To dissociate the relative contribution of cue switching and task switching to endogenous effects, Nicholson, Karayanidis, Bumak, Poboka, and Michie (2006) measured cue-locked ERPs in a dual-cue task-switching paradigm. Participants had to randomly switch between a parity and magnitude task that were associated with one dimension of two cue categories (i.e., parity task: blue and circle; magnitude task: orange and diamond). A 600-msec cue–stimulus interval allowed for optimal preparation, which should maximize effects of endogenous control. Cue category change was manipulated as an experimental factor, which resulted in a full-factorial design for cue and task switching. Thus, unlike most task-switch studies, task switches were not always associated with cue switches, and task repetitions not always with cue repetitions, but both cue switches and repetitions were associated with task switches as well as task repetitions. The results showed a significant RT task-switch cost; switch trials were slower than repeat trials, reflecting exogenous control. Nicholson, Karayanidis, Bumak, et al. (2006) observed an early (180–240 msec) ERP effect with larger N2 amplitudes for repeat compared to switch cues. They interpreted this effect to reflect cue processing within the first 300 msec after cue onset. They also replicated previous findings of task-switch ERP studies. In particular, similar to Karayanidis, Coltheart, Michie, and Murphy (2003) and Barceló, Muñoz-Céspedes, Pozo, and Rubia (2000), they observed an increase in a parietally distributed positivity in the 450–500 msec time window after cue onset for task-switch trials relative to task-repeat trials. Importantly, Nicholson, Karayanidis, Bumak, et al. (2006) did observe this effect even when cue change was controlled for. The authors conclude that the endogenous component of task switching does reflect active task-switch preparation independent of cue processing. Thus, opposite to what Logan and Bundesen (2003) and Mayr and Kliegl (2003) have claimed, the ERP results of Nicholson, Karayanidis, Bumak, et al., as well as the RT data of Monsell and Mizon (2006), reveal that cue change cannot fully explain endogenous switch costs.

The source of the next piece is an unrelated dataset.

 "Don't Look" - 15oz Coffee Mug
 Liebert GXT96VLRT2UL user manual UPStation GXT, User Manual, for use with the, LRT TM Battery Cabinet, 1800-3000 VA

An important question is whether an endogenous component of attentional language control also exists for bilinguals when they switch between languages. Bilingual language switching is an instance of very powerful attentional control in a naturalistic situation. Better understanding of endogenous language switching will be informative not only regarding bilingual language performance but most importantly regarding endogenous attentional control in general. Previous RT language-switch studies provide only indirect evidence for endogenous language switching. For example, Costa and Santesteban (2004) presented their participants with a precue indicating the language in which participants had to name a picture that appeared after a 500- or 800-msec cue–stimulus interval. They observed that the magnitude of the switching costs decreased as the preparation interval increased, pointing at a contribution of an endogenous control process. However, because Costa and Santesteban used RTs which reflect a composite of different processes that take place before the behavioral response (including decision-related and motor processes), no information about the time course of the endogenous control process is available. A disadvantage of this procedure is that this endogenous process could only be demonstrated indirectly.
In language-switch ERP studies carried out so far, the color of pictures usually indicated the required language. This results in a confound of endogenous and exogenous control (e.g., Christoffels, Firk, & Schiller, 2007; Jackson, Swainson, Cunnington, & Jackson, 2001). Little is known about endogenous control in language switching. In a recent study, we provided evidence from ERPs that endogenous control processes affect exogenous control processes in language switching (Verhoef, Roelofs, & Chwilla, 2009). Specifically, stimulus-locked ERPs showed an N2 effect that was modulated by preparation interval, suggesting that endogenous language control influences exogenous language control.
The goal of the present study was to test for possible ERP correlates associated with endogenous control in language switching that are unconfounded by exogenous control. Bilinguals, opposite to monolinguals, encounter the problem that a concept is typically associated with at least two response alternatives, one in L1 and another in L2. If evidence could be provided for an endogenous component of language switching, this would suggest that bilinguals can bias the target language in advance. In the current study, a cue–stimulus paradigm with an interval of 750 msec was used to measure cue-locked ERPs as an index of endogenous control. To avoid confounding between cue switching and language switching, we adopted the dual-cue procedure from Nicholson, Karayanidis, Bumak, et al. (2006) with the exception that we did not manipulate cue change as an experimental factor. However, we did control for cue change in a different way, namely, by using two dimensions for each language within a single cue category (color). Cue dimension always changed within the color category independent of language switches (e.g., L1: red or yellow; L2: green or blue).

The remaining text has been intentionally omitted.